The genotype in a given cell is defined by a clustering model where the latent genotype t for variant i in cell j is coded by two indicator variables: the cell assignment vector Z_j, which assigns cell j to a latent sample in the pool, and the genotype identity G_i,k, which defines the allelic state of variant i in sample k. Specifically, the indicator variable Z_j,k=1 if cell j is assigned to sample k and 0 otherwise; we also impose the constraint $\sum _{k} {Z_{j,k}} = 1$, which means that in expectation each cell originates from exactly one sample. Analogously, the indicator variable G_i,k,t=1 if the genotype of variant i in sample k is t, and 0 otherwise, and we again require $\sum _{t} {G_{i,k,t}} = 1$. The cell assignment matrix Z is strictly unknown and needs to be estimated from the observed data.
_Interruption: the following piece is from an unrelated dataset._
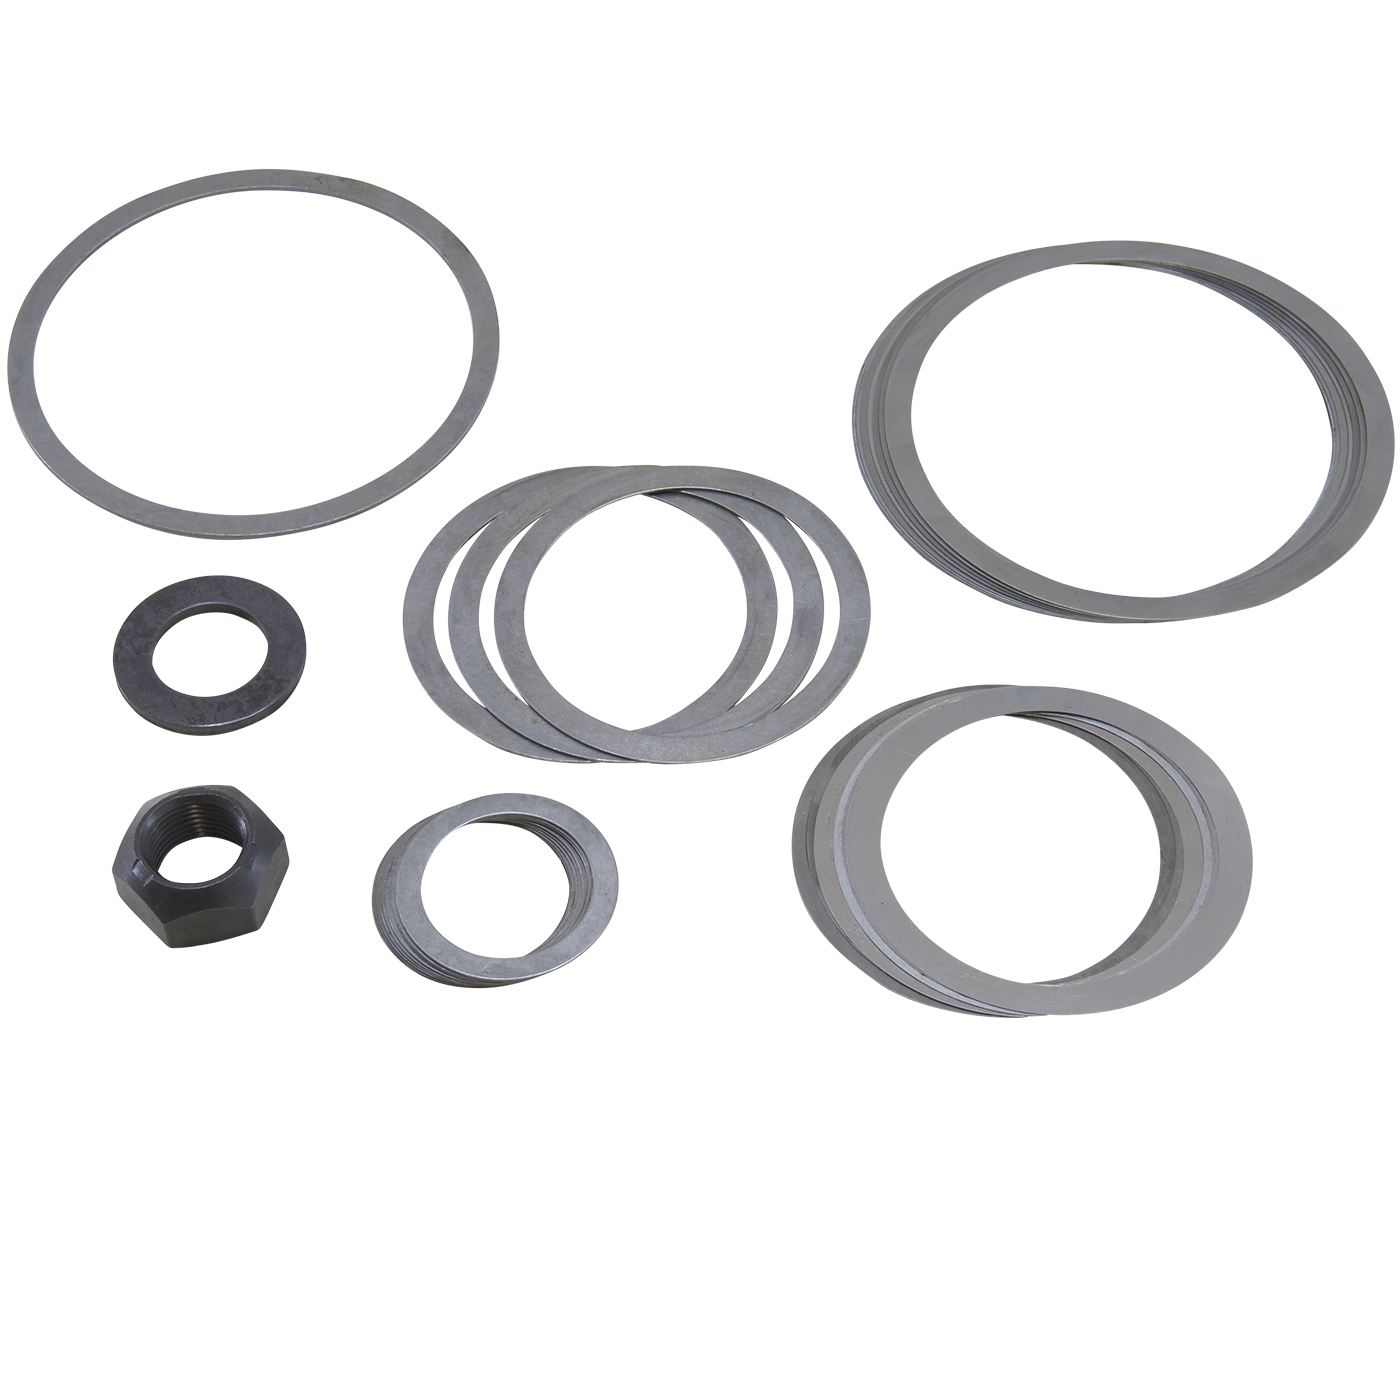 Replacement Carrier shim kit for Dana 70 & 70HD

In general, the genotype matrix G is also unknown and is estimated jointly with Z. If genotype information is available for one or multiple samples in the pool, this information can be encoded as an informative prior on G; see below.

The likelihood of the full datasets, spanning all N variants that were genotyped in each of M cells given the cell assignment matrix Z, the genotype matrix G and binomial parameter θ follows as:

$$ p(A, D | Z, G, \boldsymbol\theta) = \prod_{i=1}^{N} \prod_{j=1}^{M} \prod_{k=1}^{K}\prod_{t\in T} p(a_{i,j}|d_{i,j}, \theta_{t})^{Z_{j,k} \times G_{i,k,t}} $$

(2)

To complete the definition of the model, we introduce prior distributions on the latent variables, which results in the following joint distribution over both observed and latent variables

$$ p(A, D, Z, G, \boldsymbol\theta) = p(A, D | Z, G, \boldsymbol\theta) p(Z|\boldsymbol\pi) p(G|U) p(\boldsymbol\theta | \boldsymbol\alpha, \boldsymbol\beta) $$

(3)

For computational convenience, we use conjugate prior distributions, namely a beta distribution for θ and multinomial distributions for both Z and G.
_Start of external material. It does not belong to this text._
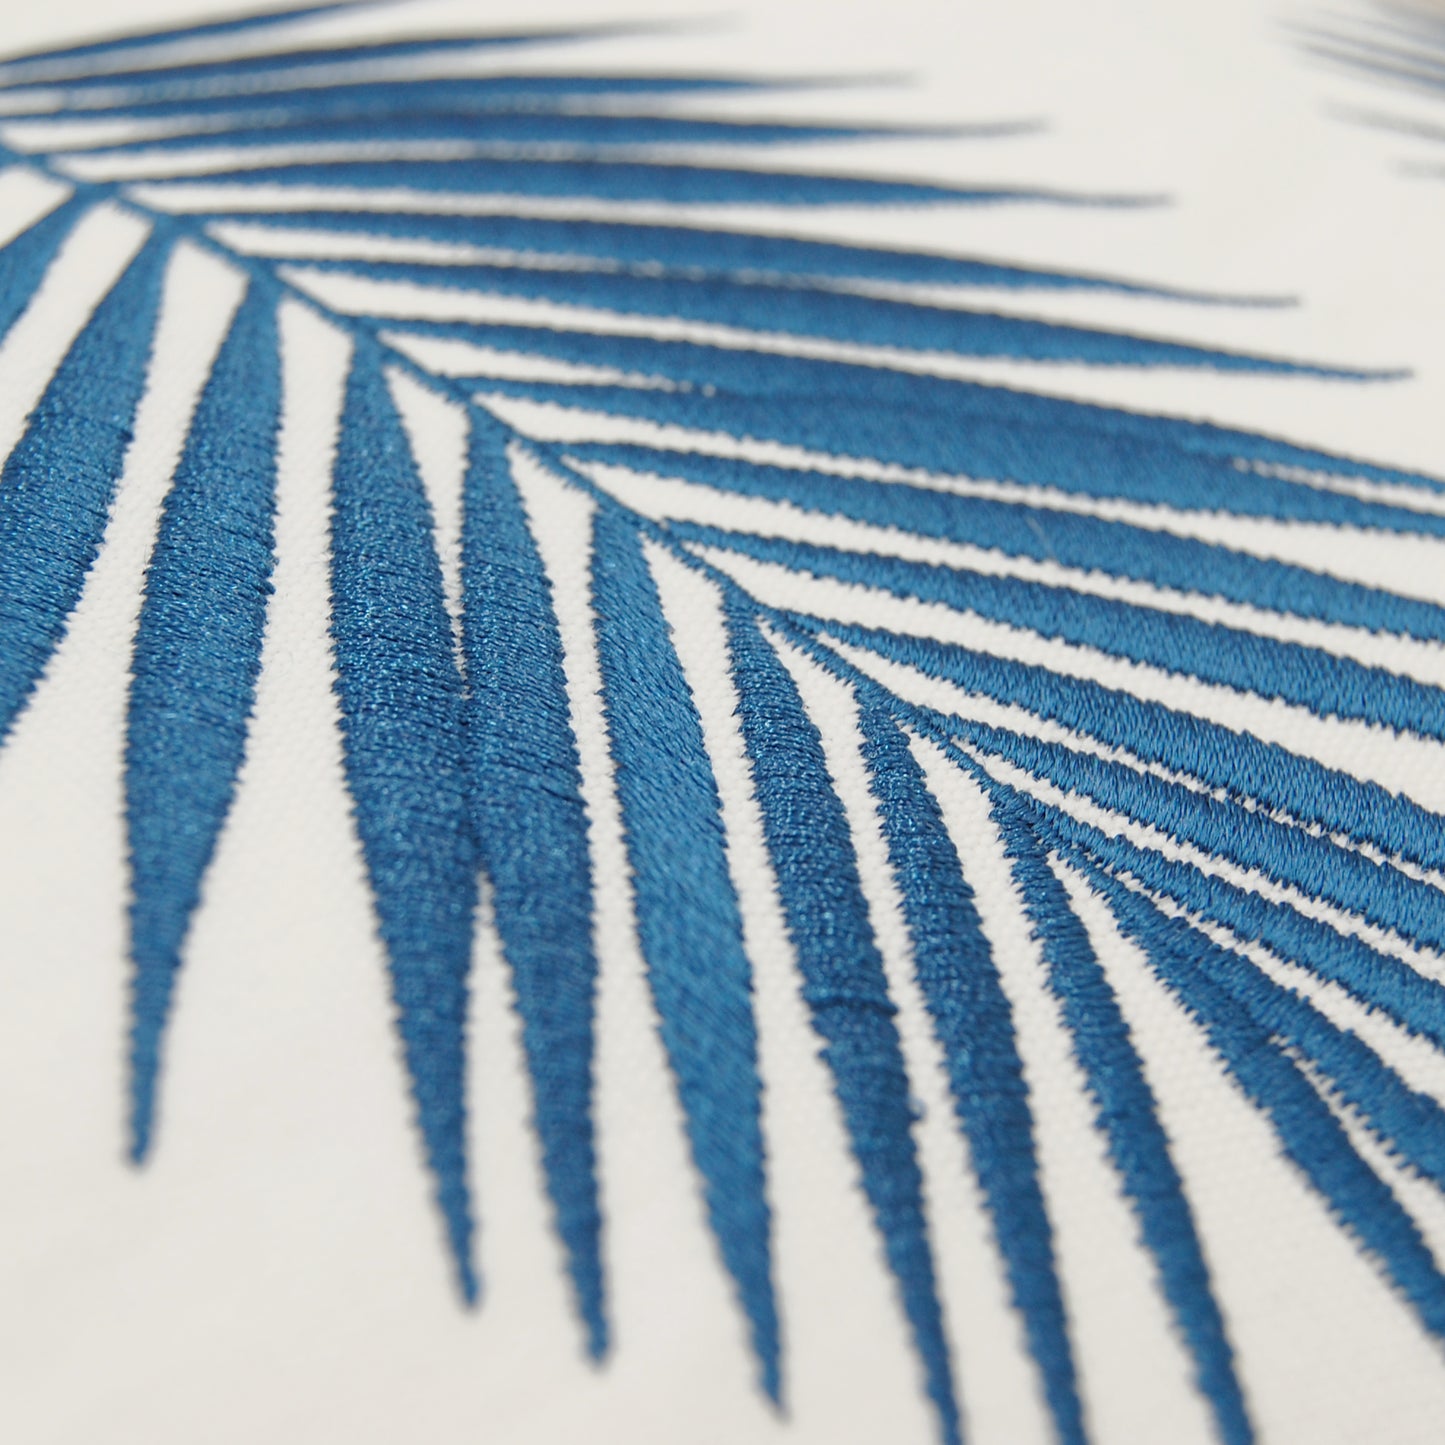 Detail shot of the Palm Pattern Lumbar Pillow's embroidery work.

$$ \begin{aligned} p(Z_{j,k} = 1|\boldsymbol\pi) & = \text{\texttt{Multinom}}(\boldsymbol\pi) = \pi_{k} \\ p(G_{i,k,t} = 1|U) & = \text{\texttt{Multinom}}(\boldsymbol{u}_{i,k}) = u_{i,k,t} \\ p(\theta_{t} | \alpha_{t}^{(0)}, \beta_{t}^{(0)}) & = \text{\texttt{beta}} \left(\theta_{t}| \alpha_{t}^{(0)}, \beta_{t}^{(0)}\right) \end{aligned} $$

(4)

The hyper parameters are constant and set as follows. We use an uninformative prior for Z: π_k=1/K, which corresponds to a uniform assignment probability of cells to samples. The user can define other multinomial probabilities, for example to encode known bias in the sample representation. Similarly, we employ a uniform prior on genotype G, i.e., u_i,j,t=1/3 if no genotype data are available. If the genotypes are partially known for a subset of samples and/or variants, a corresponding informative prior is encoded. Specifically, u_i,j,t takes the known genotype value with a relax rate ξ, i.e., u_i,j,t=1−ξ if the known genotype is t, otherwise u_i,j,t=ξ. The error rate parameter is set to ξ=0.05 by default.
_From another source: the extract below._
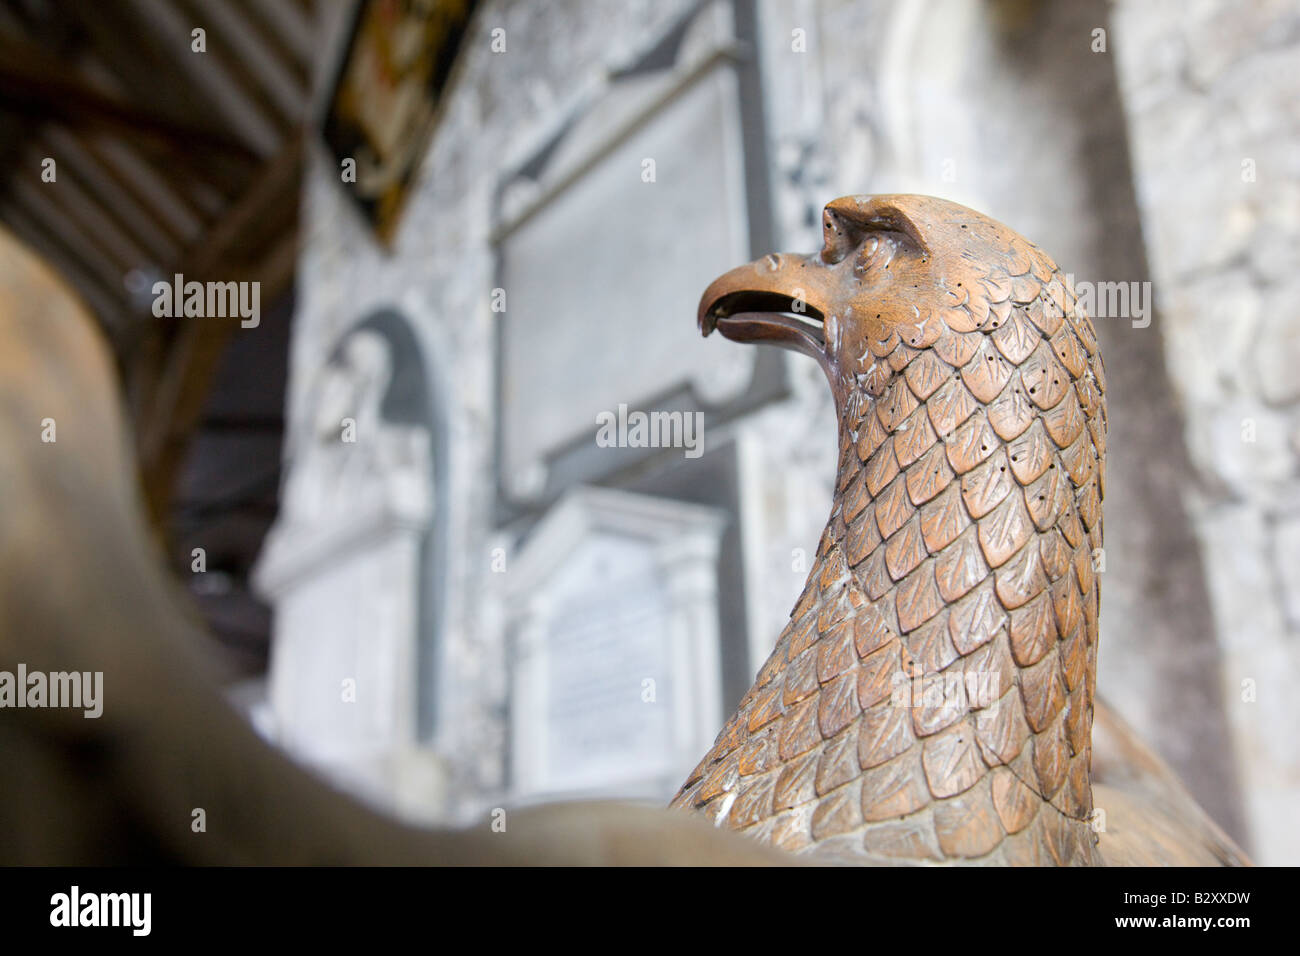 Carved wooden eagle lectern in a church Stock Photo

Finally, the hyper parameter for the beta prior on the allelic rate θ is determined using known germline variants with high coverage: θ₀∼beta(0.3,29.7),θ₁∼beta(3,3), and θ₂∼beta(29.7,0.3), with which the posterior of θ will be obtained by fitting to the dataset.

Variational Bayesian inference

Analytical calculation of the posterior distribution of all latent variables given the observed data p(Z,G,θ|A,D) is not tractable. Thus, we consider variational Bayesian inference [22] to obtain an approximate solution, thereby retaining the benefits of a Bayesian treatment while achieving computational scalability to larger scRNA-seq datasets. Briefly, the objective of variational inference is to approximate the exact (intractable) posterior distribution of the latent variables p(Y|X) by a factorized distribution $q(\mathbf {Y}) = \prod _{i} q_{i}({Y}_{i})$, where Y denotes a set of latent variables and X denotes the observed variables. The parameters of the variational distribution q(Y) are determined with the objective to minimize the Kullback-Leibler $(\mathcal {KL})$ divergence between the approximate distribution q(Y) and the actual posterior distribution p(Y|X)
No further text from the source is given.